DevOps: A culture where people, regardless of title or background, work together to imagine, develop, deploy and operate a system.’ Ken Mugrage

 

It’s worth taking Spinakker for a spin

Elsevier’s Alex Leonhardt gave us a whistle-stop tour of Spinakker or ‘The Gooflix Stack’ – an open-source, multi-cloud continuous delivery platform from Netflix. One event attendee observed that ‘everyone is talking about Spinakker, but no-one seems to be using it’ – so helpfully, Alex was on hand to talk through a hack-day’s-worth of experience running Spinnaker on a local Kubernetes ‘cluster’.

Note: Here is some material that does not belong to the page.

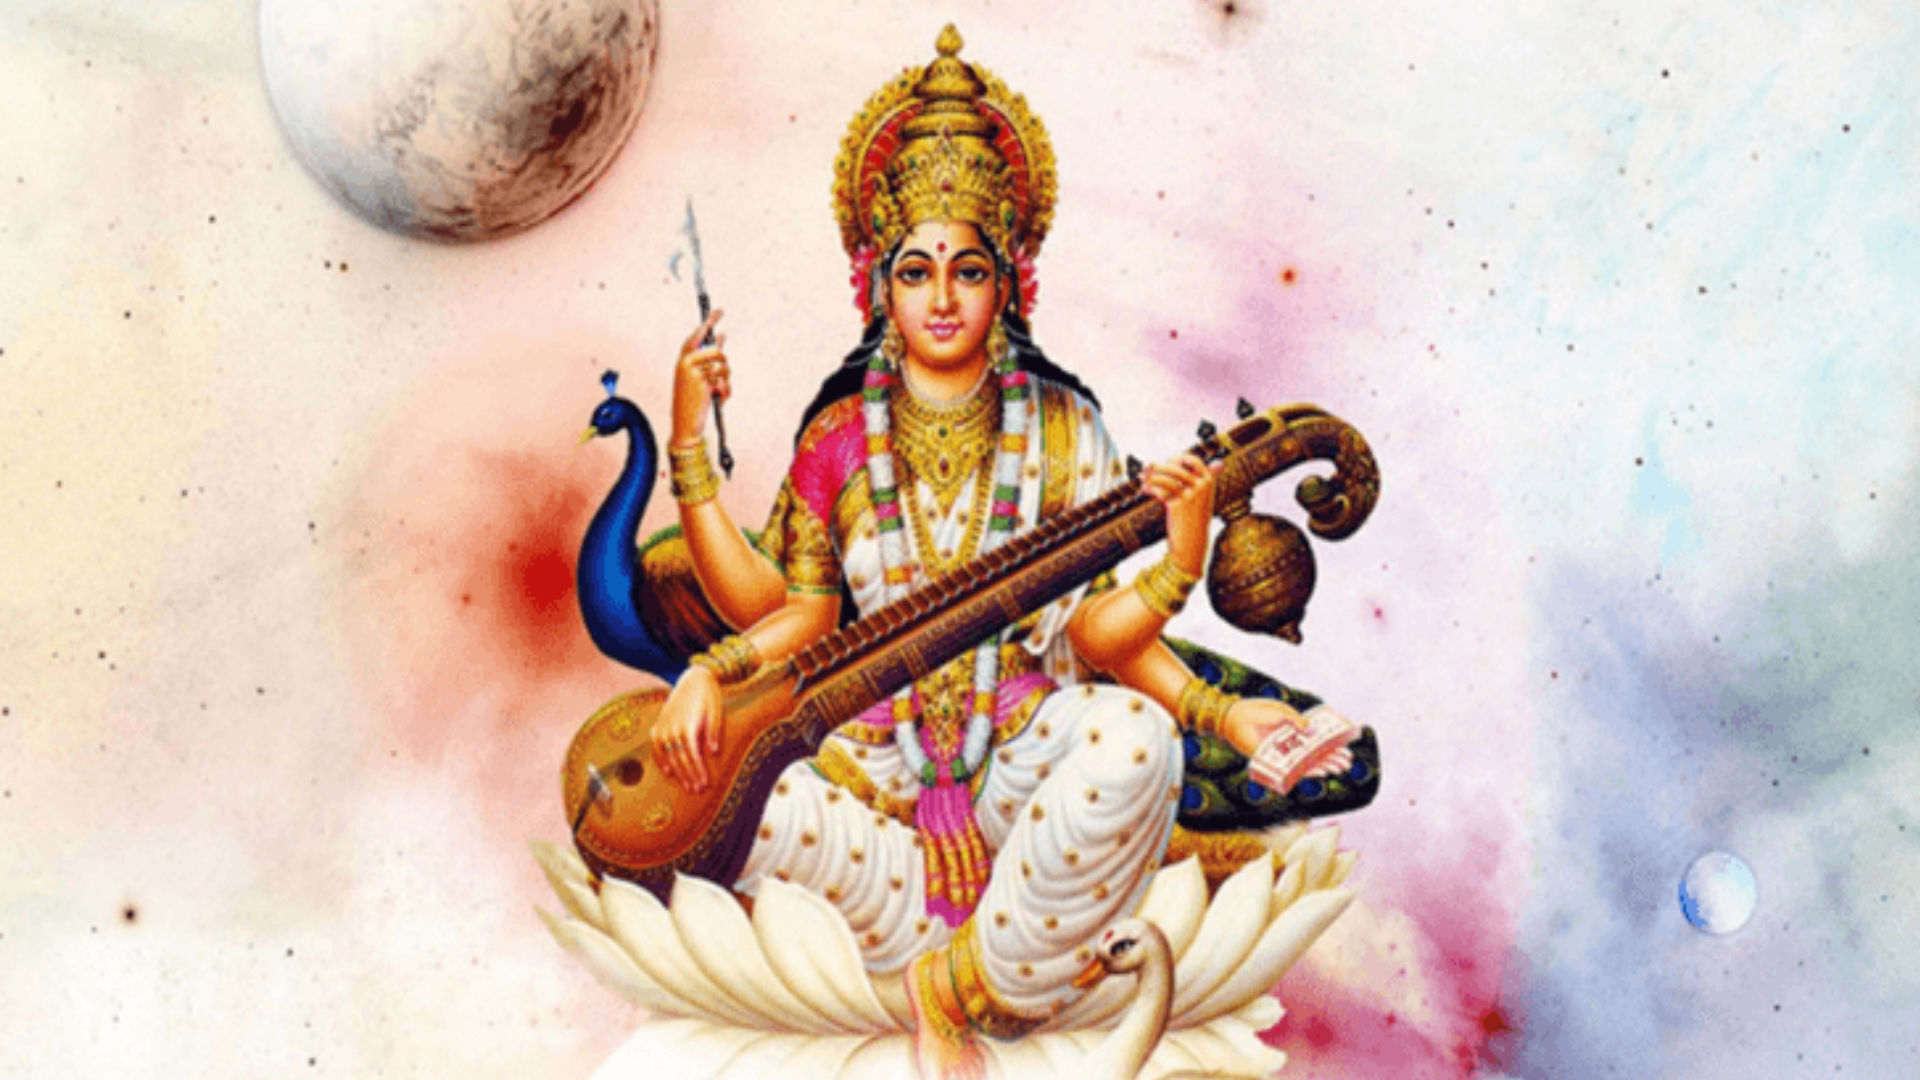 बसंत पंचमी 2019: जानिए कैसे धरती पर भगवान ब्रह्मा की वजह से प्रकट हुई थी मां सरस्वती?

Although Alex experienced a few teething problems with the CORS not working as expected, Spinakker prevailed in the end, with Alex conceding that these may have been a case of ‘RTFM’ (Read the Flipping Manual). The conclusion was that Spinakker’s strengths may lie more as a deployment tool than an automation tool.

‘Netflix: It’s the future, and we’re not ready for it.’

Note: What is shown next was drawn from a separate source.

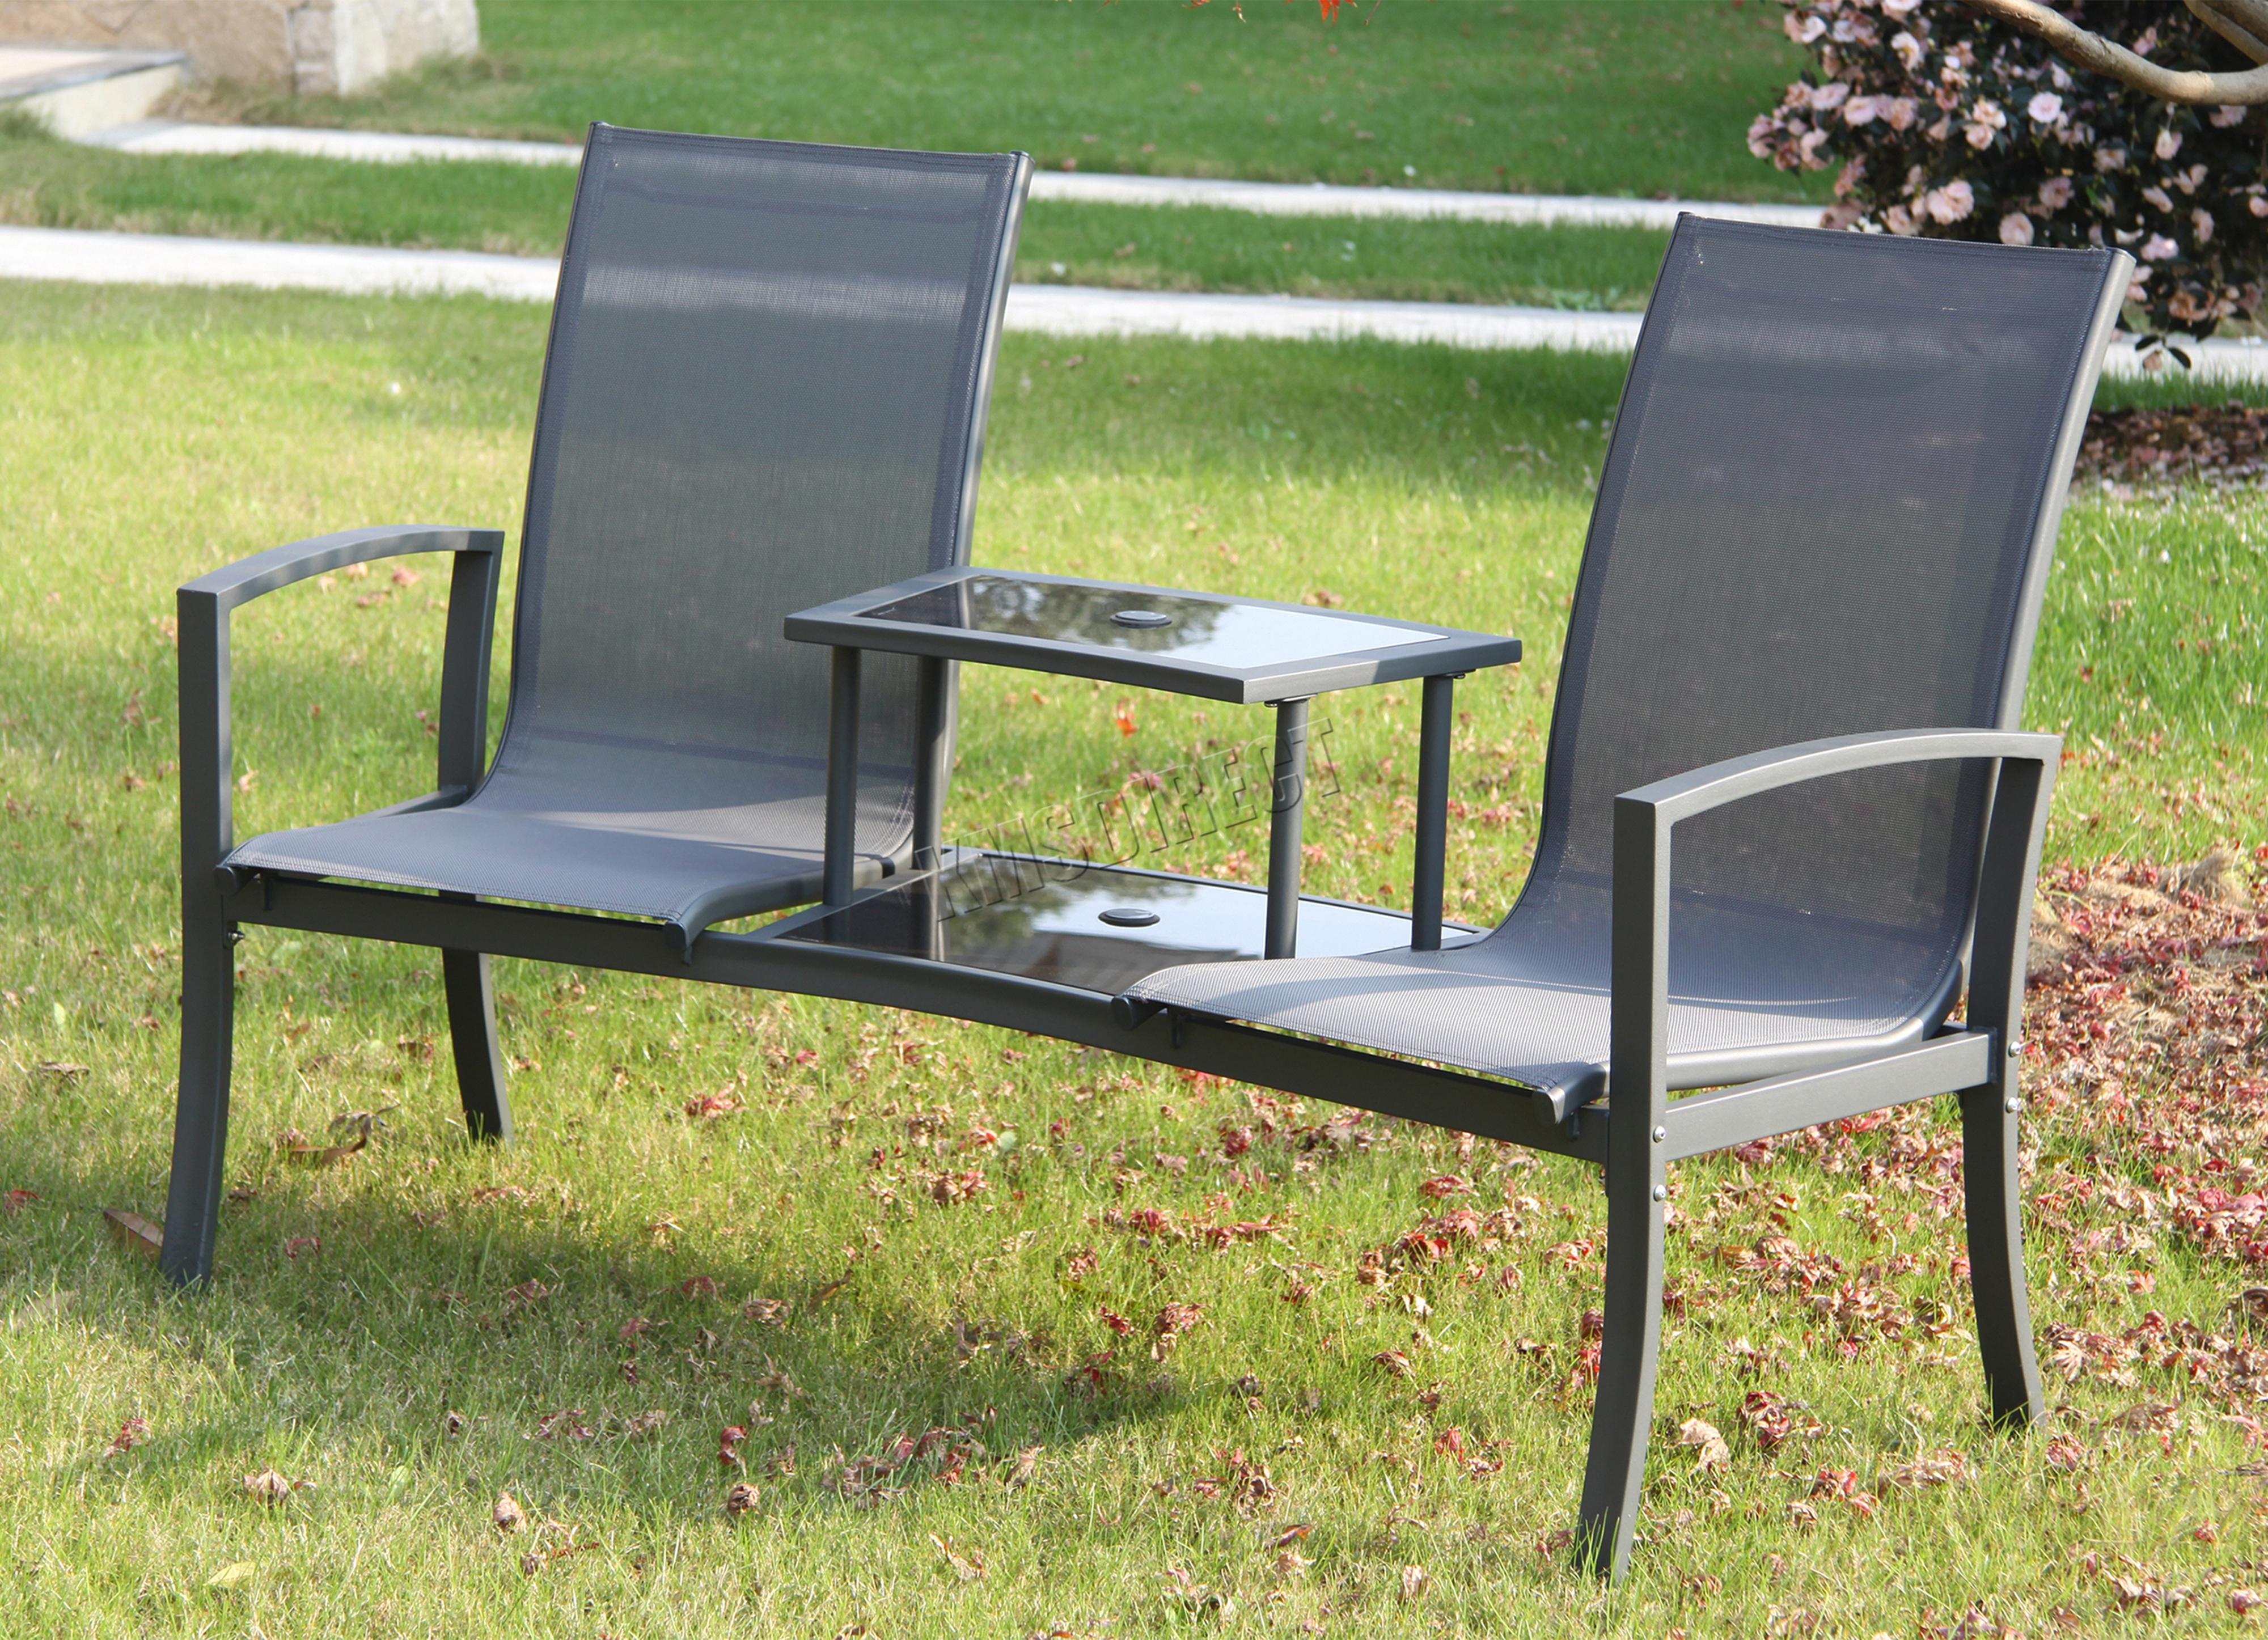 FoxHunter Outdoor Garden Love Seat Patio Twin Companion

Spinakker is just one of 106 open-source repositories, ranging from big data to service discovery. It is produced by Netflix, but most developers seem reticent to dive in. So, when the vanguard of open source itself is putting out this much material, why isn’t the community scrambling over it? London DevOps threw the discussion open to the floor.

Out of our league

There are several explanations for this phenomenon; the most common being, given the scale at which Netflix is operating, they simply have problems which no-one else has – it’s a case of the product evolving faster than the user can accommodate it.

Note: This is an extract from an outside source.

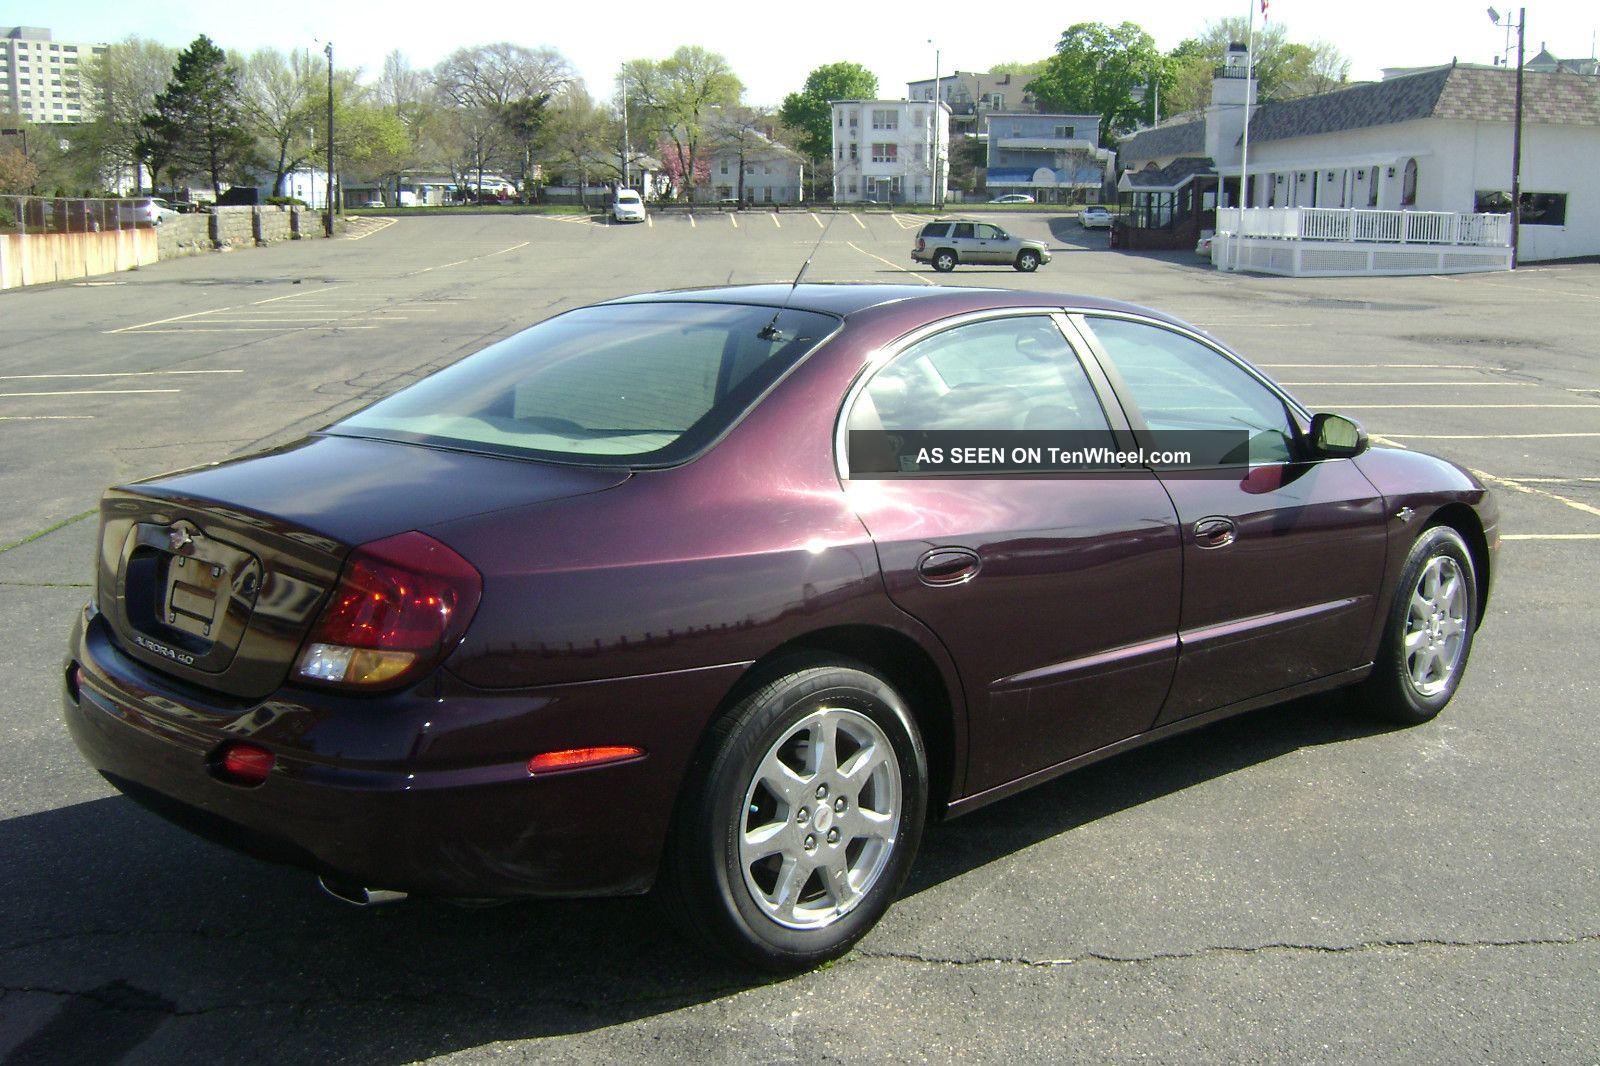 2003 Olds Oldsmobile Aurora Limited - 299.7KB

The user isn’t engaged…so the user isn’t engaged with

Furthermore, because there isn’t a two-way relationship between user and software, Netflix simply don’t have the community engagement to fix issues, which can lead to problems from a utilisation perspective – the documentation on certain programmes, for example is poor.

Managing the managers

Another obstacle is convincing management to deploy new systems; open-source tools may be free from a monetary perspective, but their cost lies in the time it takes to implement them. It is also difficult to get sign off on a project which is orientated around safeguarding against an eventuality, rather than promoting a new feature. One method for the bold of heart is to simply tell your manager ‘I will solve this problem for you,’ rather than ‘I’m using a new tool’ – but obviously this approach is hardly without complications.

Lagging due to legacy

Ultimately, the DevOps community’s reticence might truly be a case of ‘it’s not you, it’s us.’ Even when there is a compelling case for adoption, often it would require an overhaul of the infrastructure stack – and many simply aren’t willing to commit to dealing with the backlog from a time – or cost – perspective.

Server Access Management made easy(-er)

Pusher’s Phil Tabrogge talked us through what to do when things go really wrong and you just need a shell – usually in a hurry. The problem of managing SSH access to servers has never gone away, and in fact, the less often it is needed the more reliable the tooling needs to be. As servers are no longer precious flowers, when managing SSH Public Keys, organisations often need to choose between shared keys, creating problems if the key needs to be changed, and relying on a puppet to keep keys updated by Configuration Management (a semi-manual process.).

Phil talked through his organisation’s solution to this problem: Hashicorp’s Vault. Vault is a tool for securely accessing secrets such as API keys, passwords, or certificates. The software provides a unified interface to any secret, while providing tight access control and recording a detailed audit log. This isn’t a new idea – it operates in a similar fashion to Kerberos. It’s a very user-friendly alternative, and, as a wise man once said, there are no new ideas – just new programming languages to write them with.